8th President of Point University
- Incumbent
- Assumed office July 1, 2025
- Preceded by: Dean C. Collins

Personal details
- Children: 2
- Education: Point University

= Stacy Bartlett =

American academic administrator

Stacy A. Bartlett is an American academic administrator who is the incoming president of Point University. On February 13, 2025, she was named its eighth president, becoming the first woman to hold the position. She is scheduled to assume office on July 1, 2025.

== Early life and education ==
A native of Metro Atlanta, Bartlett graduated from Point University in 2005. That year, she was the recipient of the Hathcock Award, the highest honor the university bestows on a graduating senior. After graduating from Point, Bartlett earned a Master of Business Administration (MBA) and a doctorate in higher education leadership.

== Career ==
Bartlett has worked for Point University since her graduation in 2005. She began her career as an admission counselor and subsequently served in a variety of roles, including director of admission, vice president of enrollment management, vice president of advancement, and chief advancement and enrollment officer. Most recently, she was the university's chief of staff. As chief of staff, Bartlett oversaw the university's fundraising efforts and the Elevate program, an initiative offering debt-free college degrees to employees in various organizations. Her experience includes enrollment management, fundraising, departmental restructuring, strategic planning, and project management.

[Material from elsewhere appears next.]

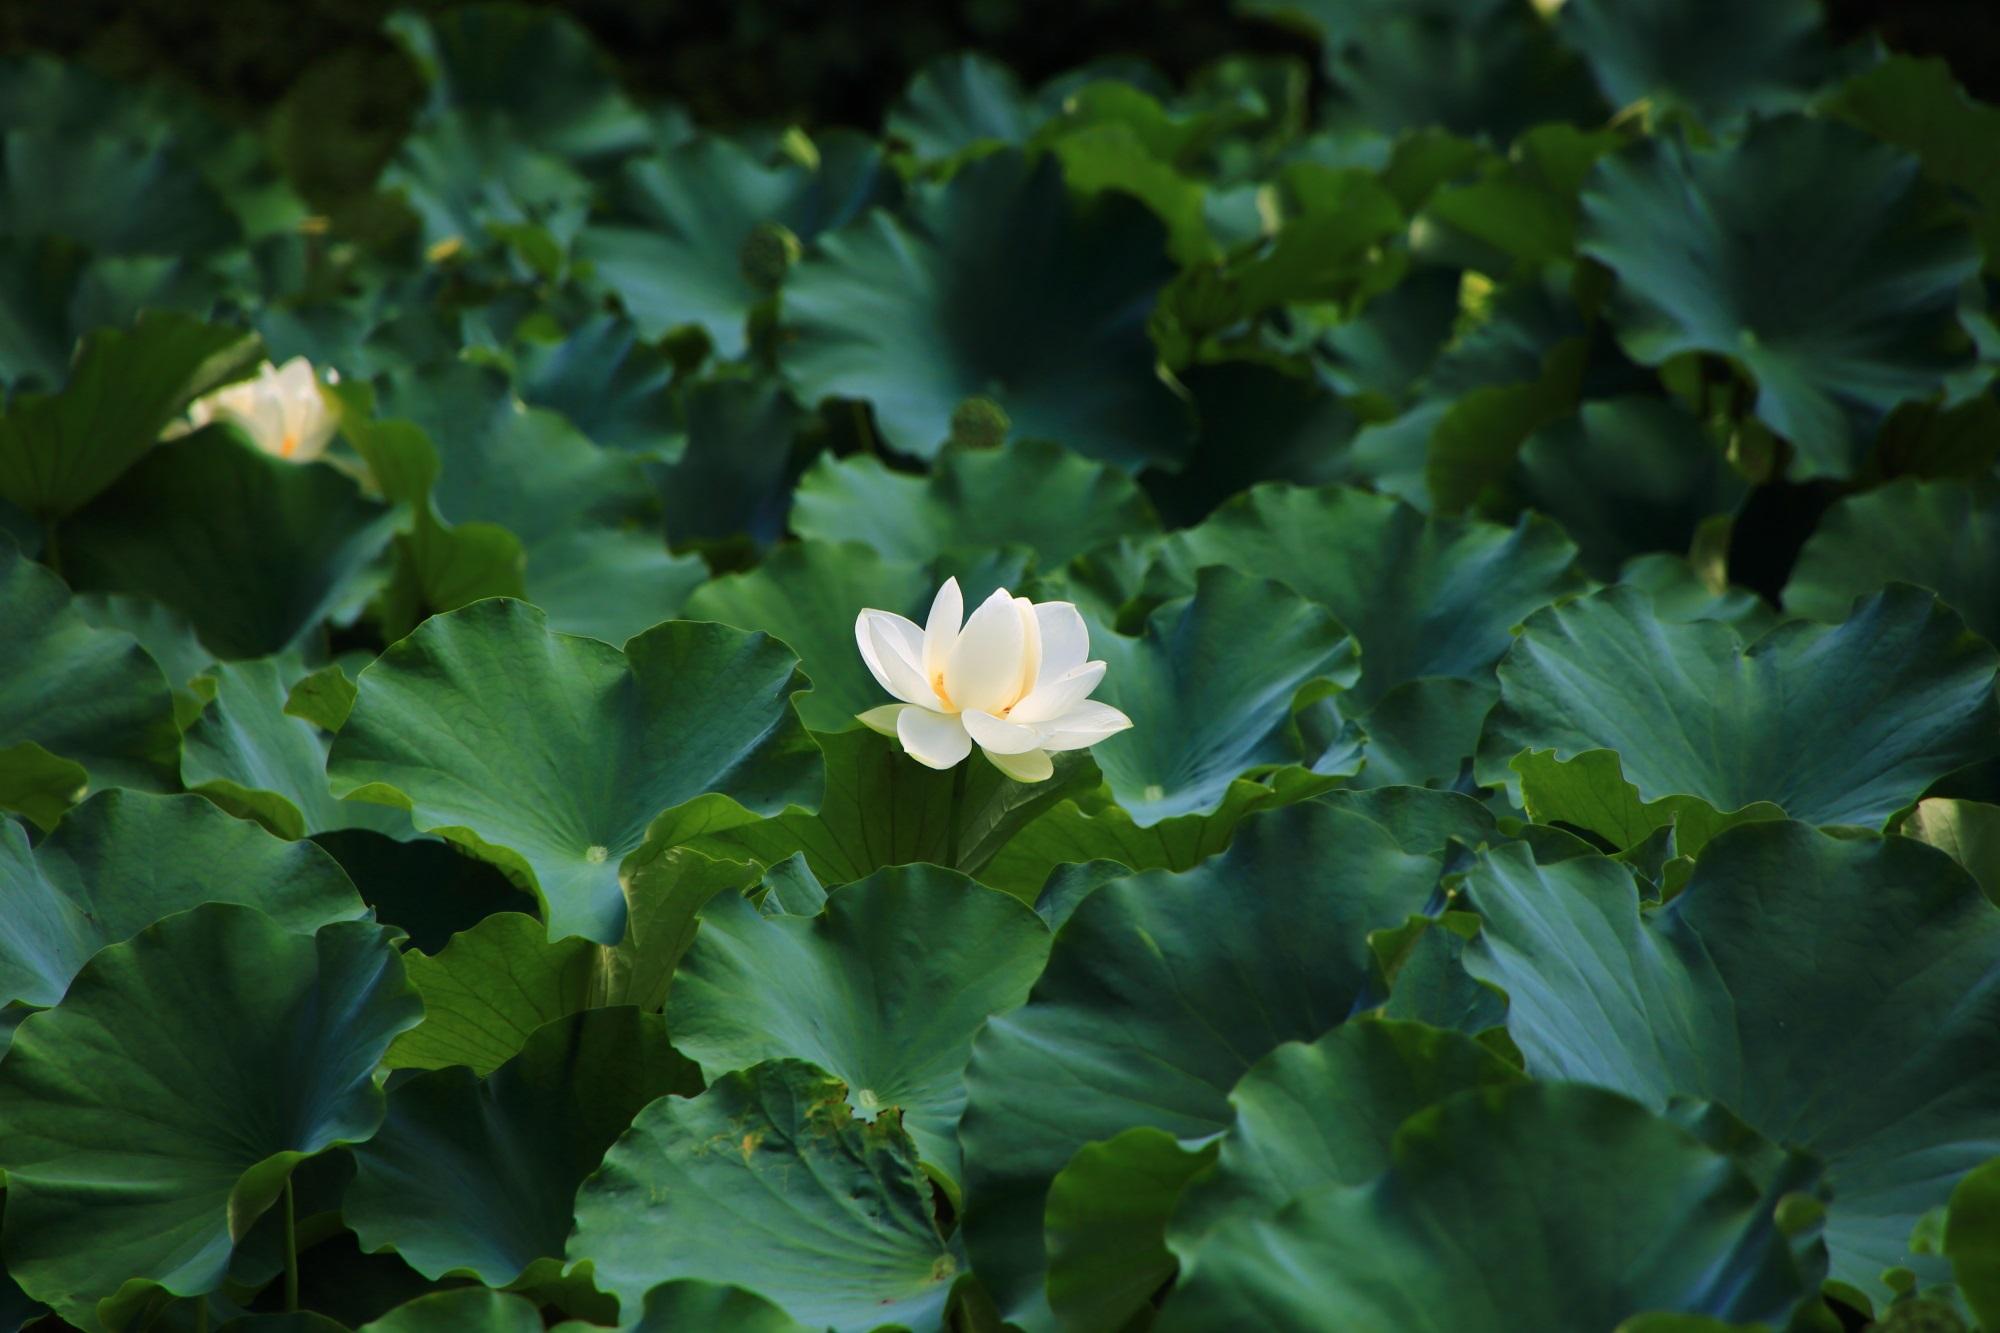 深い緑の中で浮かび上がるような淡く白い蓮の花

In the fall of 2024, Point University began a national presidential search after president Dean C. Collins announced his intention to retire. The university's board of trustees hired the firm FaithSearch Partners to facilitate the process, which began with a pool of over 1,000 individuals. The firm held conversations with 40 candidates, leading to a series of interviews with the search committee. Bartlett was announced as the eight president on February 13, 2025, becoming the first woman to hold the position. Collins will leave office on June 30, 2025, and transition to the role of chancellor, assisting with special projects. Bartlett will assume the presidency on July 1, 2025.

== Personal life ==
Bartlett resides in Senoia, Georgia, with her husband, Jeremiah, and their two daughters. Jeremiah is a 2004 graduate of Point University and works at Southside Church, overseeing digital communications and strategy. Bartlett also serves at Southside Church.